Foram três dias de completa fuga à rotina e que deram para recarregar baterias e encher-me de motivação para as coisas caseiras.

Tal como disse de início, com tudo isto saltei a publicação da receita da beringela que, num almoço de Sábado, acompanhou uma bela dourada grelhada, receita esta que encontrei num vídeo que alguém partilhou no Facebook.

1 beringela
6 colheres de sopa de azeite
2 dentes de alho picado
3 colheres de sopa de salsa picada
Sal e pimenta qb
Queijo ralado qb
1 colher de café de pimentão doce

Numa tigela misturei o azeite, o alho, a salsa, o sal e a pimenta e deixei repousar durante mais ou menos 15 minutos para aromatiza o azeite.
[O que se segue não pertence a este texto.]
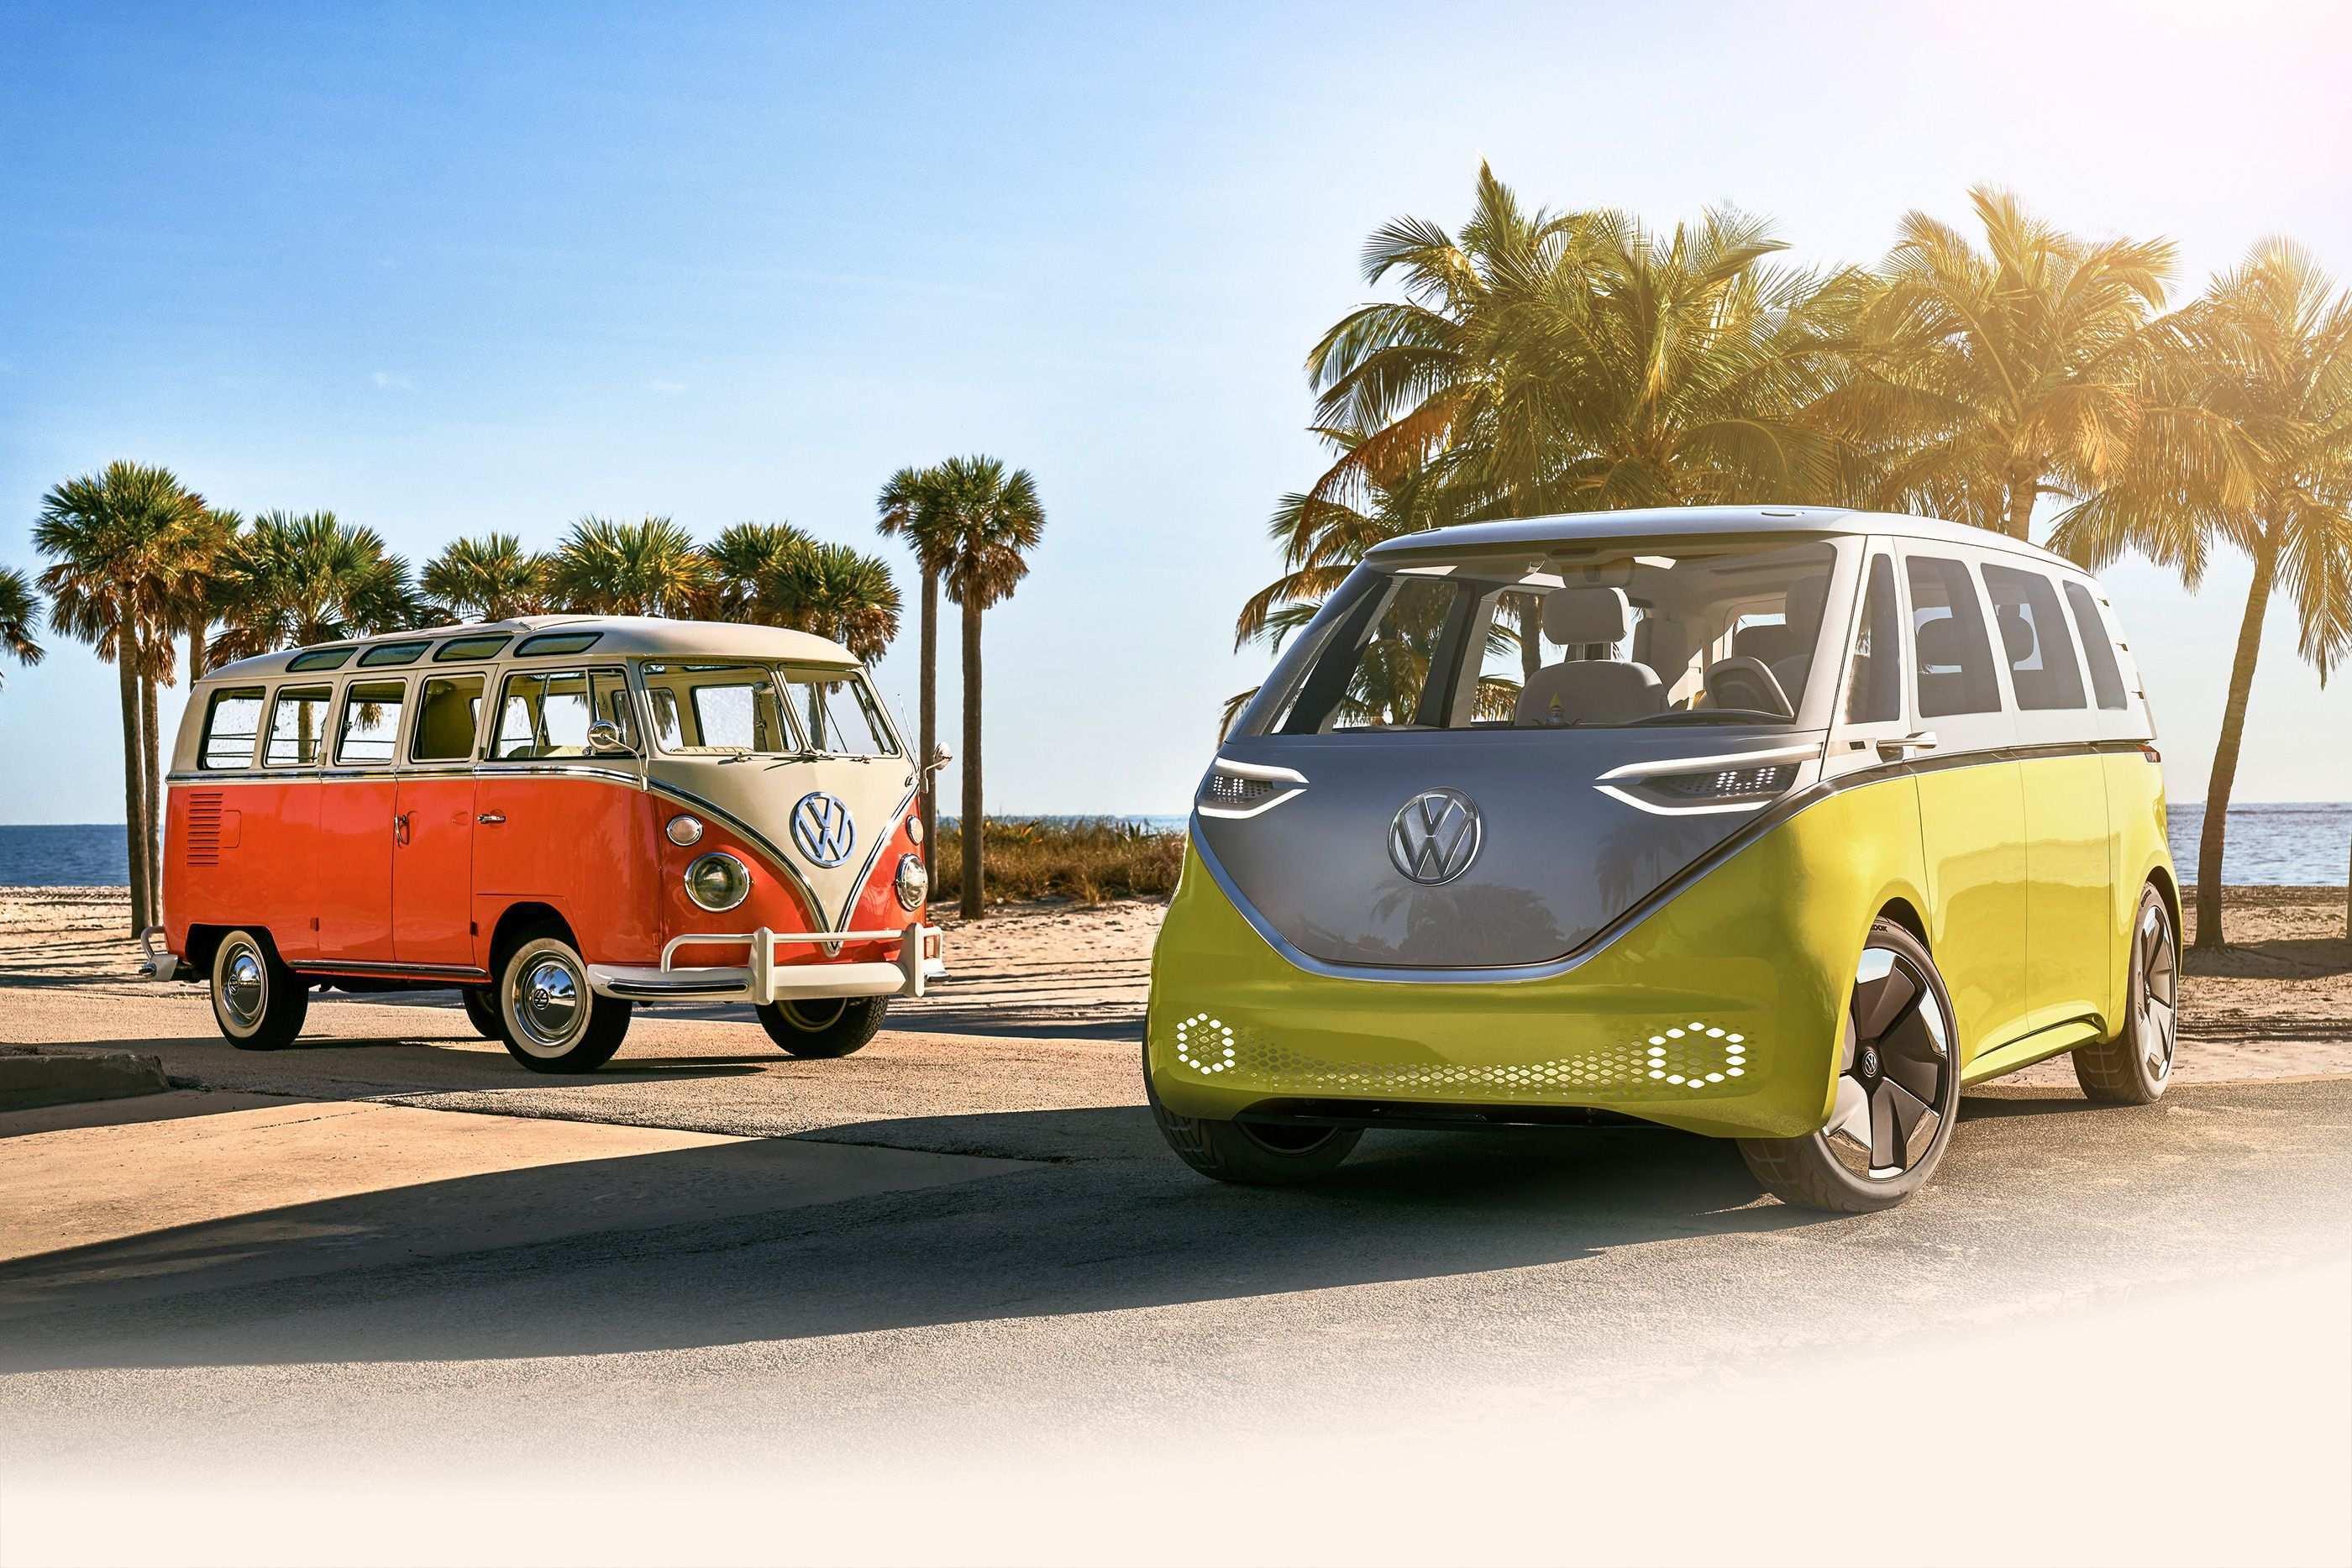 78 Great 2020 Vw Minibus Ratings for 2020 Vw Minibus
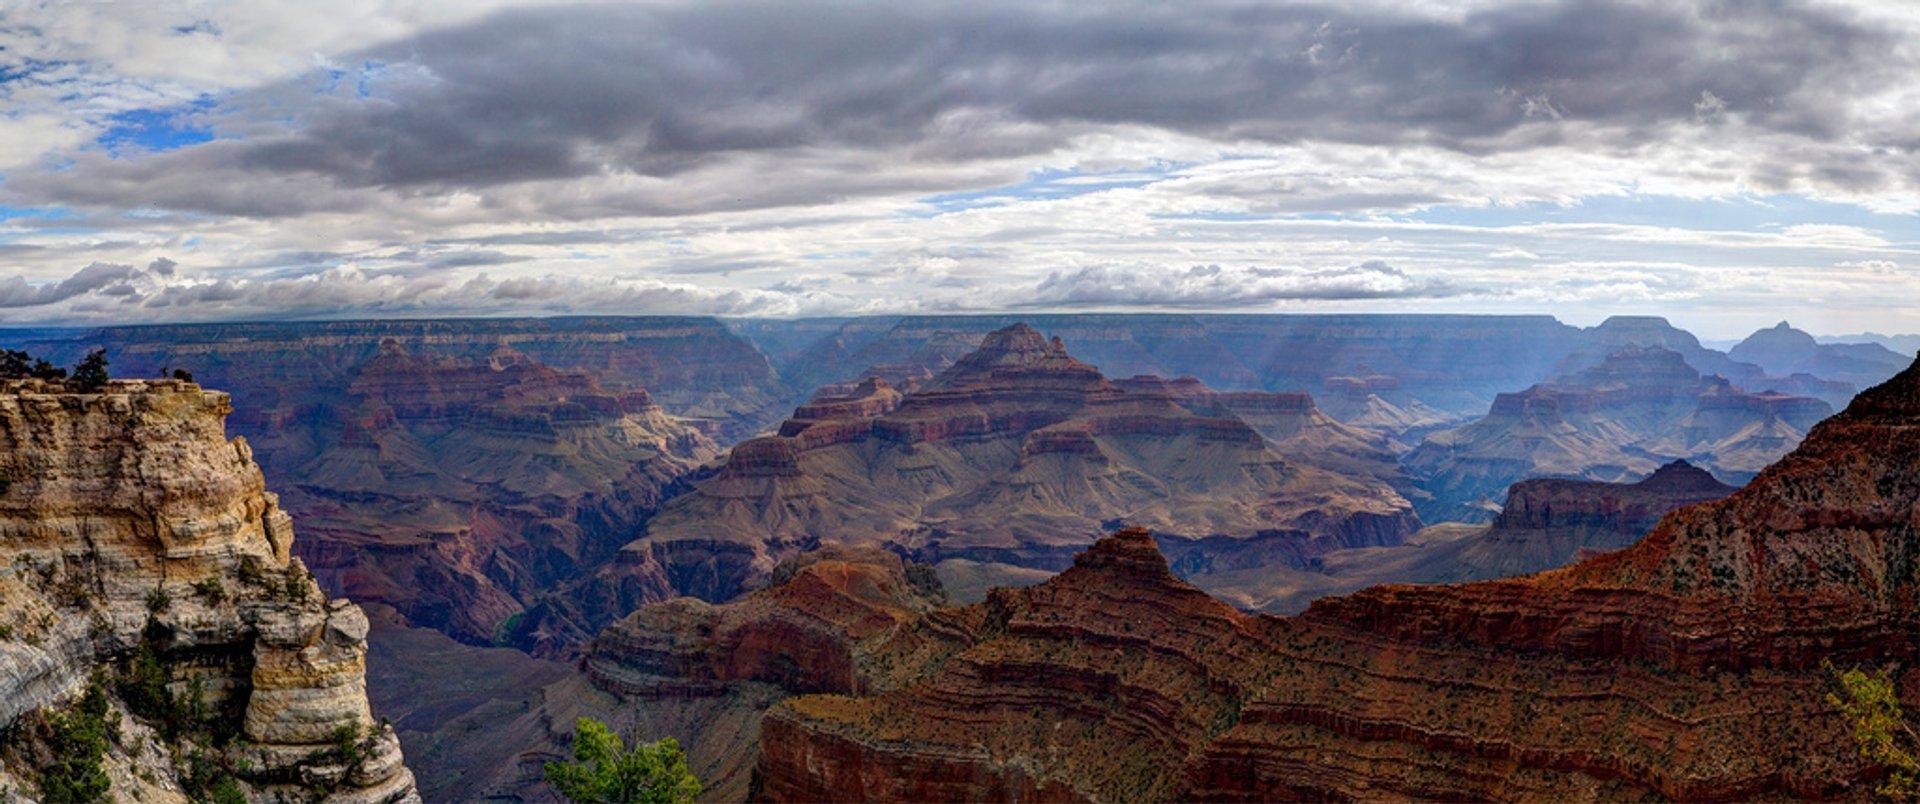 Monsoon Season in Grand Canyon - Best Season 2020

Fiz uns golpes na beringela (sem a trespassar na totalidade) numa malha quadrangular, envolvi-a em papel de alumínio (deixando a zona dos golpes destapada) e coloquei-a num tabuleiro para ir ao forno. Reguei a beringela com metade da mistura do azeite, especialmente entre cada golpe, recheie com queijo, polvilhei com o pimentão doce e reguei com o resto do azeite.

Por fim aconcheguei o papel de alumínio que envolvia a beringela, coloquei o tabuleiro no forno, pré-aquecido a 180ºC, durante uns 30 a 35 minutos (dependendo do tamanho da “malha” cortada na beringela poderá levar mais ou menos tempo a cozinhar) e servi com a dourada grelhada e as azeitonas caseiras da colheita deste ano.